● **Problem to work on**: Please state how many lines below include the word "Diagram"; the reply should be the number only.

____________________

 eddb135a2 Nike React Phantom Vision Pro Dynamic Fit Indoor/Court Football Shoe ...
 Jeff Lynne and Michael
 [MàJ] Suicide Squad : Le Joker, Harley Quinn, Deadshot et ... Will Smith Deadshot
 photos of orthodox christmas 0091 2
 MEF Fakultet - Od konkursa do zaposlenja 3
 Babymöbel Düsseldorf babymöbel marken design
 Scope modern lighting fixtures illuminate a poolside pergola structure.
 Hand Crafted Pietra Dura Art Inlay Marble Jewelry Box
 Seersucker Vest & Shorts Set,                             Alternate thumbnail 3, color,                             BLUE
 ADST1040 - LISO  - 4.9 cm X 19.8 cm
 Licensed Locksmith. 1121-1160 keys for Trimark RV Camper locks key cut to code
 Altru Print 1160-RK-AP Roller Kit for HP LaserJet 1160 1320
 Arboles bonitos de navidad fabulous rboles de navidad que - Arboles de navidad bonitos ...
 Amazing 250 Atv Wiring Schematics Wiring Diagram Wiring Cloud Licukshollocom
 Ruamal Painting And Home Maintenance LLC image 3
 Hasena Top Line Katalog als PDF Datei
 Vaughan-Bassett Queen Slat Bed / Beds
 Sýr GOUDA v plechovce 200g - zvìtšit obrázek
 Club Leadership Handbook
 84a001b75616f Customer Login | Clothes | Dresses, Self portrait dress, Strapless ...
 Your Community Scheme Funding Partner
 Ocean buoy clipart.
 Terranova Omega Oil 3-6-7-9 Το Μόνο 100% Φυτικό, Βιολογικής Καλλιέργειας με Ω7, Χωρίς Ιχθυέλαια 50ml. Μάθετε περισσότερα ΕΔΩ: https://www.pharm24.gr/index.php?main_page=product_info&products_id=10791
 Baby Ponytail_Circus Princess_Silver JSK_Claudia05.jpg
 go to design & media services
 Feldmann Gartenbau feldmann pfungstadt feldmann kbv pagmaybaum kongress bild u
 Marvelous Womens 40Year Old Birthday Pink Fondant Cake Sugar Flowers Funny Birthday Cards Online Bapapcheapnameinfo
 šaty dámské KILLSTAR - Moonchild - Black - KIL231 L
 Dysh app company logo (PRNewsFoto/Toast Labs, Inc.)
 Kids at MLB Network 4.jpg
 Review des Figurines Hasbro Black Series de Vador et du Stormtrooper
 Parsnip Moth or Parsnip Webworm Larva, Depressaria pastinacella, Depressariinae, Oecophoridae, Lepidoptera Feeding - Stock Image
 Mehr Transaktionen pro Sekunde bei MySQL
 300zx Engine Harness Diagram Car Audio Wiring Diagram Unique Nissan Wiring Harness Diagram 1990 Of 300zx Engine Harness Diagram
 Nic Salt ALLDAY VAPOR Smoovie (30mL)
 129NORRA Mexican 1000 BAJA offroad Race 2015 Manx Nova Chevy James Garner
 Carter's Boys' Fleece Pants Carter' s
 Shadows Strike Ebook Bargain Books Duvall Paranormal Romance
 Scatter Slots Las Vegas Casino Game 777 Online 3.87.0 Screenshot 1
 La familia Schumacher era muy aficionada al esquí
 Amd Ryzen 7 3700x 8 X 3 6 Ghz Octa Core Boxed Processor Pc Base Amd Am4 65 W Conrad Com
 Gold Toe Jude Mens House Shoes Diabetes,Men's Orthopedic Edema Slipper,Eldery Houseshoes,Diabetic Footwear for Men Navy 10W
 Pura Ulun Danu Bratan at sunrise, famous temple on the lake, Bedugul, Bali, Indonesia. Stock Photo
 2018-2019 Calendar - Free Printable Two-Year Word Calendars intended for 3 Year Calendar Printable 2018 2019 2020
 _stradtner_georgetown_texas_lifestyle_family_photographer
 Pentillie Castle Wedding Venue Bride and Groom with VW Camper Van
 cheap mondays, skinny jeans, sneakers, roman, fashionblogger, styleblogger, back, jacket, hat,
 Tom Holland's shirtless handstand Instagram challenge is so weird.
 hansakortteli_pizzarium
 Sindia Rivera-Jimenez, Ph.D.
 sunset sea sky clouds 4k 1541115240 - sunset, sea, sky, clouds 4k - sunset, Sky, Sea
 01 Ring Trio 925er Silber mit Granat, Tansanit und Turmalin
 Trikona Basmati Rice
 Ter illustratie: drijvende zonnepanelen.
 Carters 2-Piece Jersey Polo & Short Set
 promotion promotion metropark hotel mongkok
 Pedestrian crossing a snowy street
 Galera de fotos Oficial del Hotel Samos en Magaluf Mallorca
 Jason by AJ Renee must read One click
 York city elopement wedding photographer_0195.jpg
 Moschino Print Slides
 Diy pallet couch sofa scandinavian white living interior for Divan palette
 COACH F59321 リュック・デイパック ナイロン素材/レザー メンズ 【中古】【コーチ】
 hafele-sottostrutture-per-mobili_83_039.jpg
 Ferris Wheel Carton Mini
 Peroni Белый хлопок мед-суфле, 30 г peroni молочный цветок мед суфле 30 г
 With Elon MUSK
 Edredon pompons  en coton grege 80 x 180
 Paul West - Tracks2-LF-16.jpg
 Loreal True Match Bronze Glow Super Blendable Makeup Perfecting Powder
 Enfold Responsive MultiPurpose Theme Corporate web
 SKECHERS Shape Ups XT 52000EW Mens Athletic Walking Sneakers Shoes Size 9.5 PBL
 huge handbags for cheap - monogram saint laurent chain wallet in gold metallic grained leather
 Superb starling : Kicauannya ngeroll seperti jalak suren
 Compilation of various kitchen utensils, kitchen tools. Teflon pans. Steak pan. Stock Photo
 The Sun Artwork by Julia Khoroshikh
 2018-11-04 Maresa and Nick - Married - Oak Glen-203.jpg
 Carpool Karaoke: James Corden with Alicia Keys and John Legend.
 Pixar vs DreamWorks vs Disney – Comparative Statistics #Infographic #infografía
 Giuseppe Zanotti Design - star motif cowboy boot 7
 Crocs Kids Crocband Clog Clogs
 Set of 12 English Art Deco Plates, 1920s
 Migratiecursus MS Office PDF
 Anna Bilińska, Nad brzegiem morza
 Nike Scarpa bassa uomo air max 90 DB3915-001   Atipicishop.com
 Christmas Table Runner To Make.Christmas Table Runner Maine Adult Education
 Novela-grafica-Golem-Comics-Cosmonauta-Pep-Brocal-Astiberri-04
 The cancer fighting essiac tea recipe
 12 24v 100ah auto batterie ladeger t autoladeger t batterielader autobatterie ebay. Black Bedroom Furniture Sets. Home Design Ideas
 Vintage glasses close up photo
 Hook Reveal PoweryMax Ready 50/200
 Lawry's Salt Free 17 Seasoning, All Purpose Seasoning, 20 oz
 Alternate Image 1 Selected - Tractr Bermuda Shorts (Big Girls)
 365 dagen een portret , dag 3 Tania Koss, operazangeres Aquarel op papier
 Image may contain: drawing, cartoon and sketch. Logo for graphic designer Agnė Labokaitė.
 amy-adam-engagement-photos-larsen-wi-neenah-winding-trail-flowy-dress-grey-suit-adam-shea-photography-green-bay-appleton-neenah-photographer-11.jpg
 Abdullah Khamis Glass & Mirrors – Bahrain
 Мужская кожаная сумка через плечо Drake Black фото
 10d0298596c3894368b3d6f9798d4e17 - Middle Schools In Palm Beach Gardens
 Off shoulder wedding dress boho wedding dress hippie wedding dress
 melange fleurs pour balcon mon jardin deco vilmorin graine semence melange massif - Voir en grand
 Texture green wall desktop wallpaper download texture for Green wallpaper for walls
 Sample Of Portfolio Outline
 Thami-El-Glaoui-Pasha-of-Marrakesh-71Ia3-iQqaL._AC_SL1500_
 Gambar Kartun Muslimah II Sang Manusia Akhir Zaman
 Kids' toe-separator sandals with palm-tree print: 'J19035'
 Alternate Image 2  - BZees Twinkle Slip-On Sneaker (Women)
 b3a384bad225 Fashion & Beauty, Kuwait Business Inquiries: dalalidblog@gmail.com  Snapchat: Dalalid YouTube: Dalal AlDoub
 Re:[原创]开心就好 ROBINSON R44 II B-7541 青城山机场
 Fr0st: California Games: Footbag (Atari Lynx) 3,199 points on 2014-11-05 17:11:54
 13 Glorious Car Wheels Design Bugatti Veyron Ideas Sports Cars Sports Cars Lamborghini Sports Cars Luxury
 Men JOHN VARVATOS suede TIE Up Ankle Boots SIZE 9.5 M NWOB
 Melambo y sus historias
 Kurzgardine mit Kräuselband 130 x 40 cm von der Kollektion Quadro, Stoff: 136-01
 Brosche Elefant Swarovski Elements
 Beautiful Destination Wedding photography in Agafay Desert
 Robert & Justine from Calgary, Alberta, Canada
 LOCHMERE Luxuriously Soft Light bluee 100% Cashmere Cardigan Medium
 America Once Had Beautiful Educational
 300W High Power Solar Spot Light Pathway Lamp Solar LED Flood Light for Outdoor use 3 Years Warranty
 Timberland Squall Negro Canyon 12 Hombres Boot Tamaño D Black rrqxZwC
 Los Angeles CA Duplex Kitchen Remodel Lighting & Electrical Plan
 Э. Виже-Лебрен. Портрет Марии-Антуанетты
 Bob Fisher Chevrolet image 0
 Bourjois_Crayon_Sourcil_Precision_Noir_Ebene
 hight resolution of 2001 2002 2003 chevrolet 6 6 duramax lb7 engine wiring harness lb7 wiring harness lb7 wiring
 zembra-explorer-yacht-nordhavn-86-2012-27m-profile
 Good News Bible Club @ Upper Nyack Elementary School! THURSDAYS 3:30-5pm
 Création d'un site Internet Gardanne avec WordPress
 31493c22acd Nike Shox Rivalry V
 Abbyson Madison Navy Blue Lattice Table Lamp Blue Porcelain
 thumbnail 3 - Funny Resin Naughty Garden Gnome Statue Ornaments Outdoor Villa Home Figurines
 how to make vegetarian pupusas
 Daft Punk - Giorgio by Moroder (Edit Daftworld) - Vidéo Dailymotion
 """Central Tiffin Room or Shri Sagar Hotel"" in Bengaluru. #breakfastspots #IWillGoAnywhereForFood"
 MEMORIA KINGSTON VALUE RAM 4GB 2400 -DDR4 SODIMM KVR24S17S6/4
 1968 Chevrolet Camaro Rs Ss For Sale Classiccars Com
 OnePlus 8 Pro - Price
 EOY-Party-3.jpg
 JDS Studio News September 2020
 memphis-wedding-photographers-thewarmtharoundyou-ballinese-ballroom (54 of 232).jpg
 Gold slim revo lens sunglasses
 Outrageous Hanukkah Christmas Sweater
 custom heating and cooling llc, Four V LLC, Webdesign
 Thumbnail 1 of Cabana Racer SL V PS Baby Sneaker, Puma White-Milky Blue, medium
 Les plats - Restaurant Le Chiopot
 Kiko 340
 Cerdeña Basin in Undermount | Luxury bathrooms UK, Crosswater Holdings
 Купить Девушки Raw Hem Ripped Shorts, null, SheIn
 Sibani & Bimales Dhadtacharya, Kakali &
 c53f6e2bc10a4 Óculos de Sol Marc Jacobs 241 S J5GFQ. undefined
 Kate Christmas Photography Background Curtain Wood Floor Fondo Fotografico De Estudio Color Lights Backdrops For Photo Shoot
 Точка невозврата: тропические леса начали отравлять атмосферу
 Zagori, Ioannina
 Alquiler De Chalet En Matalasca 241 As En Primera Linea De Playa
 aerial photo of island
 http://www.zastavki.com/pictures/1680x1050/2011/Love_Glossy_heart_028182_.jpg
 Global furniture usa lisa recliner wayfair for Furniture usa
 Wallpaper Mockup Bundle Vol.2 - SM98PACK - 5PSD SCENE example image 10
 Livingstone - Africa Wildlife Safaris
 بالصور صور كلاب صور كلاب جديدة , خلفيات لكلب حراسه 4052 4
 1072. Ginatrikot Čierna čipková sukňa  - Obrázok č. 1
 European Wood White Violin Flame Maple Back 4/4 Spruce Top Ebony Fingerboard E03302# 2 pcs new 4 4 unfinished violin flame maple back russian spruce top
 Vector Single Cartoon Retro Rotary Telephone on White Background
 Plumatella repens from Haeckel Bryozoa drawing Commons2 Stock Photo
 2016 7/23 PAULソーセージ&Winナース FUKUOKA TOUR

____________________

● **Exercise answer**: 2